Los maridajes moleculares que establece el foodpairing, al descubrir insospechados paralelismos entre los compuestos volátiles que aparecen en productos dispares, permiten descubrir combinaciones sorprendentes. ¿Jamón con melón? Mejor, con vieiras o incluso con miel.
Ferran Adrià lo tenía claro cuando dijo que el diálogo entre cocina y ciencia abriría un mundo de posibilidades potencialmente infinitas. Fue como la petición de mano en una relación que se vio bendecida por una nutrida prole de herramientas prácticas, en el contexto de la gastronomía molecular, que cobra un peculiar sentido en el término foodpairing. Es la palabra con la que los anglófonos aluden a lo que se llama “maridaje” en las jergas de tradición francesa, pero se refiere también a una técnica —y a la patente registrada por una empresa belga en torno a ella, aunque también se desarrolla en otros ámbitos— que permite relacionar ingredientes diversos entre sí a partir del conocimiento de las moléculas que tienen en común, para establecer combinaciones novedosas y, a menudo, sorprendentes. No hace mucho hablábamos del libro Papilas y moléculas, donde François Chartier propone maridajes tan heterodoxos como el de un vino alsaciano con un plato condimentado a base de romero tras descubrir que uno y otro comparten compuestos volátiles químicamente idénticos.

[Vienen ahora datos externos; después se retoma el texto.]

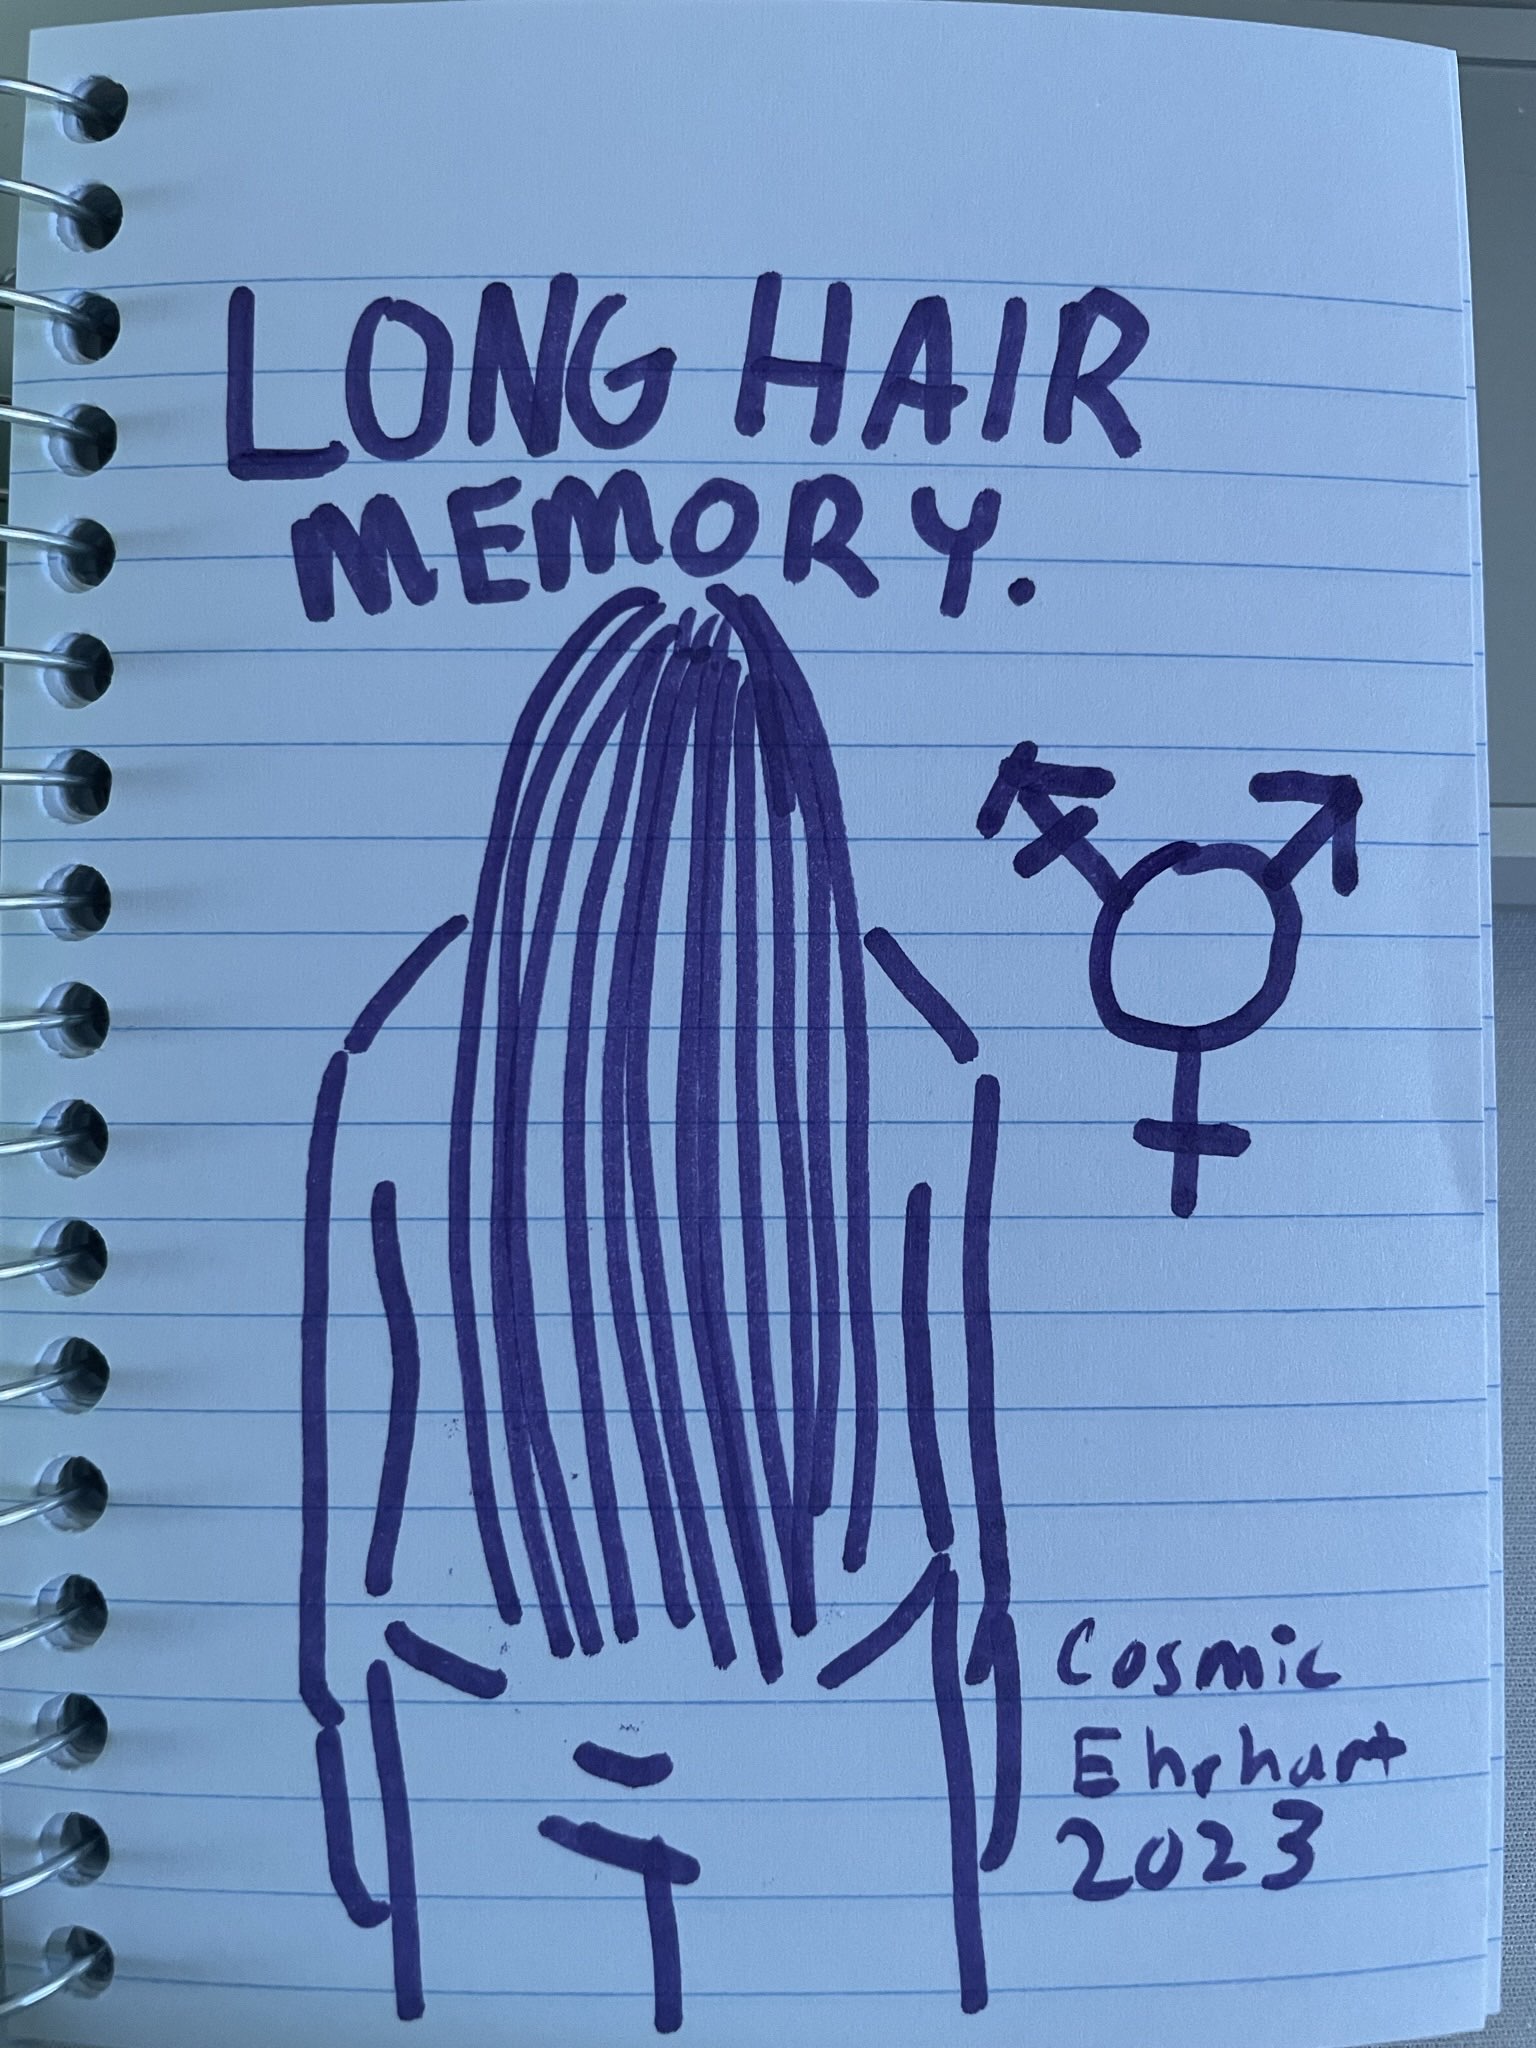 A drawing on notebook paper of a longhaired person standing. Their hair is straight and extends down past their midsection. Above them is the title of the zine: Long Hair Memory. Next to the title is the transgender symbol, and Cosmic Ehrhart 2023.

No todas las armonías entre ingredientes son moleculares. El embajador de la empresa Foodpairing en España, Jordi Breso, nos explica que el melón y el jamón no tienen molécula alguna en común. Sin embargo, casan. O no tanto, según quién: es lo que pasa con las combinaciones establecidas por el uso o la tradición. En cambio, el análisis molecular del rey de los productos ibéricos permite vaticinar que será un éxito su combinación con frutas como la pera conferencia, la fresa o la piña, además de abrirles la puerta a maridajes como el jamón con vieira o con miel y de ratificar la idoneidad del aceite de oliva arbequina para acompañarlo. Es uno de los resultados del estudio realizado por Foodpairing a instancias de Arturo Sánchez, empresa salmantina que también le ha hecho explorar los maridajes moleculares de su chorizo o su salchichón. La conclusión es que el primero casa de maravilla con cosas como el queso parmesano, las almendras tostadas, el chocolate blanco, el mango, el café y los espárragos blancos, pero no le van para nada el aguacate o las alcaparras. Por su parte, el salchichón ibérico combina bien con el ajo negro, las hojas de sisho o el té negro ahumado y con frutos secos como los pistachos tostados, mientras que la grasa de jamón —otro producto de Arturo Sánchez— apunta a maridajes moleculares tan sorprendentes como las anchoas, los mejillones y el alga codium o a otros más o menos (im)previsibles, como la remolacha cocida o los arándanos.